Banks willing to take exposure to the country face an embarrassment of riches this year. For instance, Masan, a top-tier conglomerate, has launched a five-year loan of up to US$650m paying top level all-in pricing of 373.95bp based on an interest margin of 350bp over SOFR.
If Masan manages to raise that size, it will beat its largest loan so far – a US$600m five-year facility that closed last October paying a top-level all-in of 305bp via a margin of 290bp over SOFR. That deal was a blowout, attracting 37 lenders in general syndication, with Taiwanese lenders accounting for the bulk of the retail liquidity.
VPBank’s US$300m three-year social loan launched in January pays a top-level all-in of 198bp based on a margin of 170bp over term SOFR and a remaining average life of 2.75 years. Last July, the bank raised US$600m through a three-year bullet loan paying a top-level all-in of 180bp via a margin of 155bp over SOFR.

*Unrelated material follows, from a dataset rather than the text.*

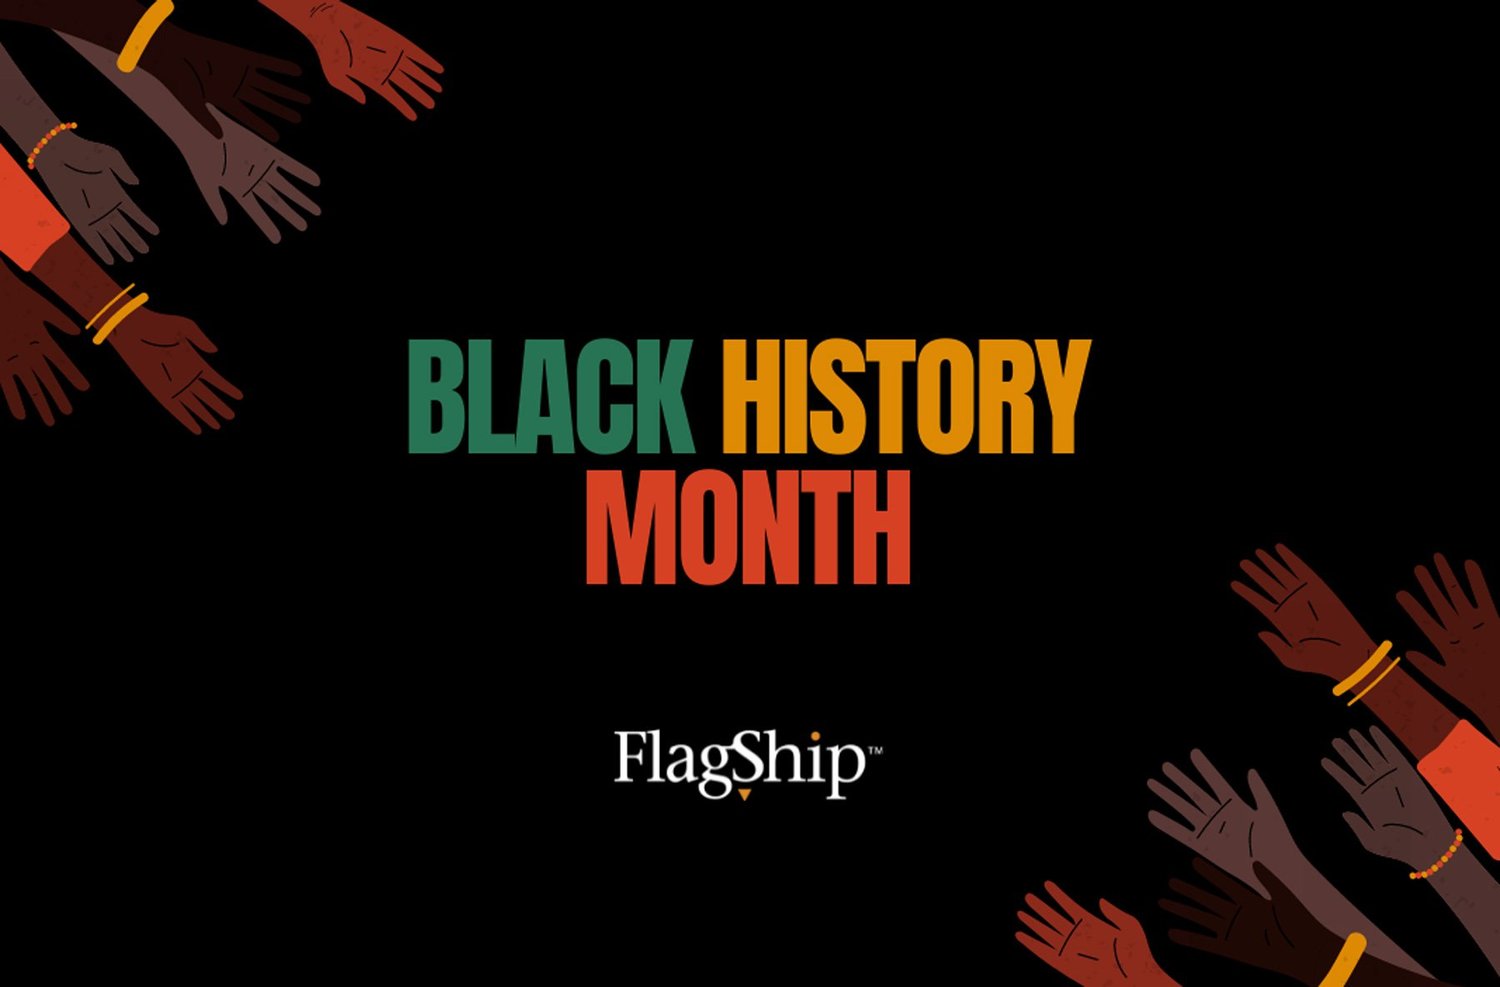 Black History Month: February 2022

Market participants feel the increased pricing is justified as rising global interest rates raise funding costs for offshore banks, in contrast to last year when foreign lenders competed for mandates with aggressive terms.
“We think the pricing now is reasonable in terms of Vietnam’s country rating, and we need higher pricing to compensate for the higher rate risks we are taking due to the rising interest rates and global market volatility,” said a senior loan banker from a Taiwanese bank. “The pricing on those Vietnamese loans from 2021 and 2022 was a bit too tight because of intense competition among lenders for assets amid a dearth of deals from Indonesia and India due to the coronavirus pandemic.”
Some borrowers unwilling to meet the pricing expectations of foreign lenders are struggling to attract liquidity. Two such examples are the Vietnamese unit of South Korean display panel maker LG Display and state-owned Military Bank.
Both borrowers launched three-year loans last October offering top-level all-ins respectively of 148bp via an interest margin of 140bp over SOFR and 154bp via an interest margin of 135bp over term SOFR. Those levels were tighter than those on loans for other Vietnamese borrowers last year. (See Table.)
LG Display’s unit has scrapped its syndicated green loan of up to US$500m with a guarantee from the parent and is seeking bilateral loans instead from offshore lenders because of tight liquidity in the domestic market in Vietnam. Military Bank’s borrowing has still not closed, while it is not clear if other loans for Vietnam Maritime Commercial Joint Stock Bank and Saigon Hanoi Commercial Joint Stock Bank – also launched in the second half of 2022 – have closed.
“Although the parent might enhance the borrower’s credit profile, the pricing is a bit too tight compared with the other Vietnamese loans in the market,” said a Hong Kong-based loan banker who declined the LG Display deal. “In addition, the global demand for televisions and smartphones has taken a hit due to soaring inflation and a gloomy economic outlook."